Chapter 11

Mudjon fears the worst

Mudjon remained on the hill, silhouetted against the sky of late afternoon, watching for some sign that his old friend was still alive out there in the desert. It was almost dark before he could bring himself to abandon his post. He came down the northern face of Kata Kata, igniting the grass as he moved, and as we sat around our camp fire that night the heights above us were dotted with dozens of small fires as though scores of Aboriginal families were camped on the hillside, as though the country had come alive again and the Mandildjara people had returned home.

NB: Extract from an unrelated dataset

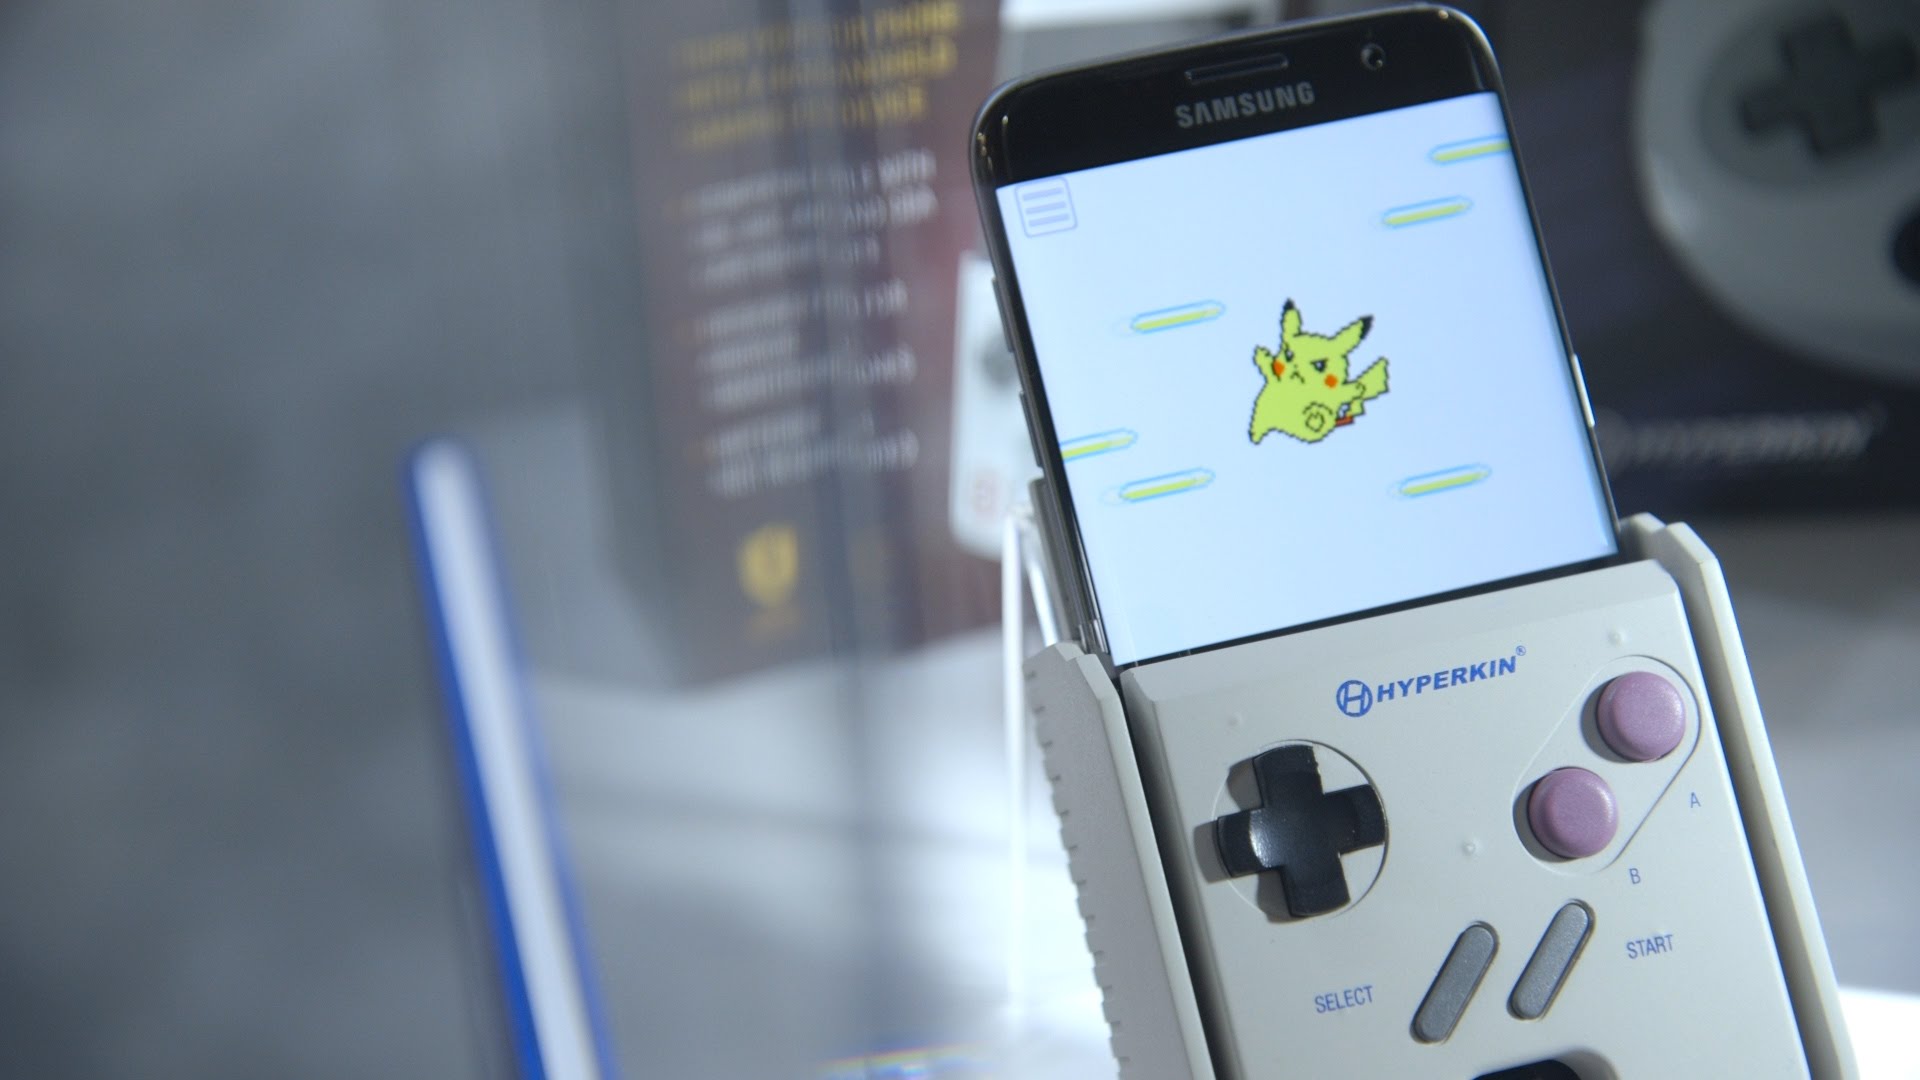 Trở về tuổi thơ với bộ phụ kiện Gameboy độc đáo cho smartphone

Mudjon was very depressed. The signals we had sent up on three occasions that day had gone unanswered, signals that would have been visible for a hundred and sixty kilometres in every direction. Warri and Yatungka must have seen them — if they were alive. They had not replied and the conclusion to be drawn was that they had not survived, that their search for water after leaving Baabool had been unsuccessful.

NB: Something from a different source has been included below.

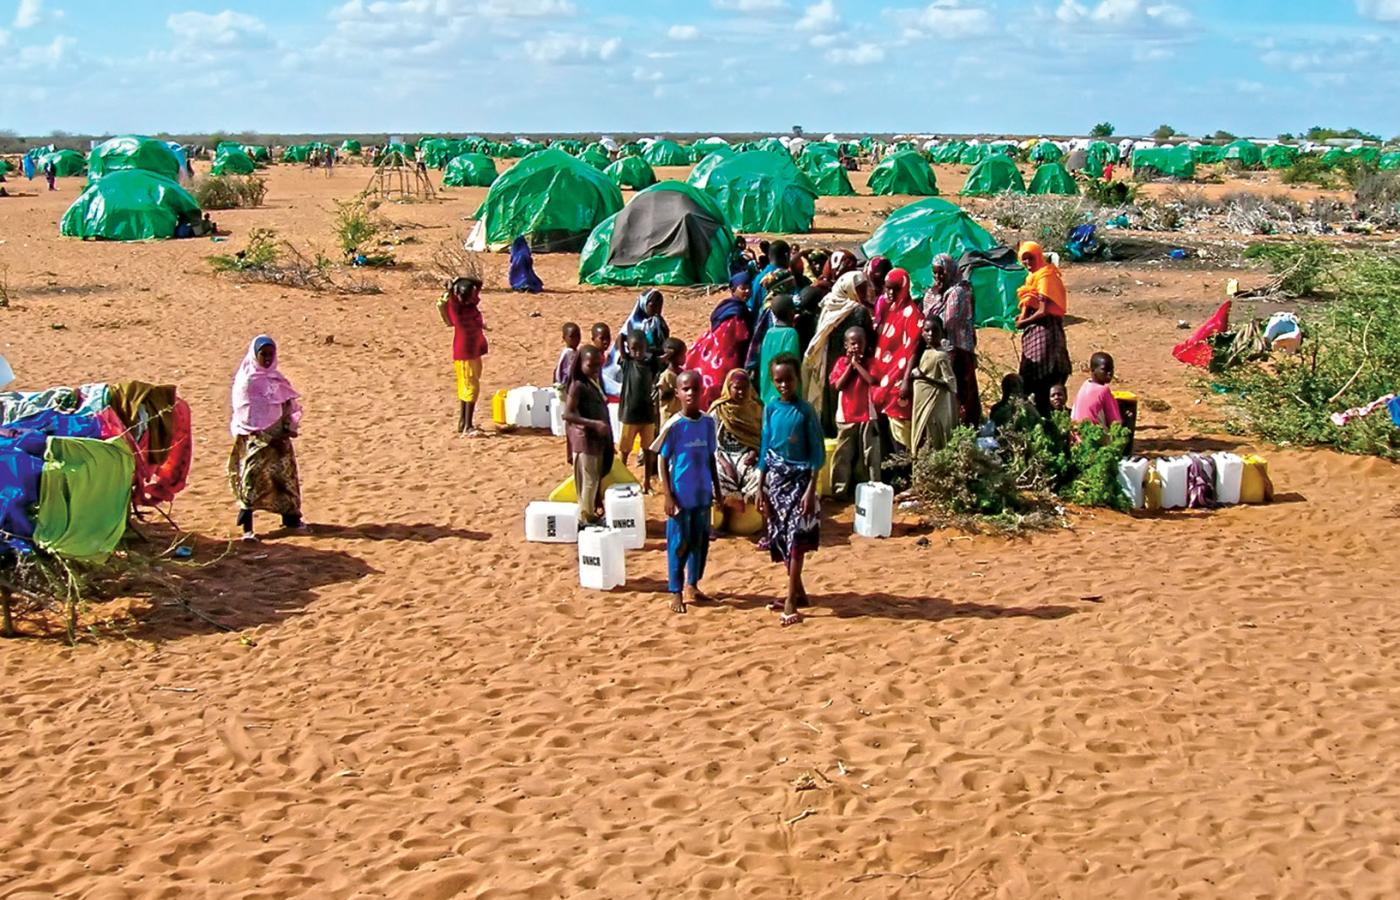 Obóz Dadaab w Kenii istnieje już 25 lat.

I thought it would be ironical if, after many thousand years of roaming the Western Gibson Desert, the last of the nomadic Aborigines there had succumbed, not from old age or disease but from their inability to find sufficient water to survive. For several millenia the country had satisfied the needs of the desert people and it seemed that the last of them, the couple who had chosen to remain there, had perished because there was not enough water to keep just two people alive. The land too, was dead, the result of the greatest drought this century, and possibly for centuries. We had arrived too late, said Mudjon, perhaps two or three weeks too late.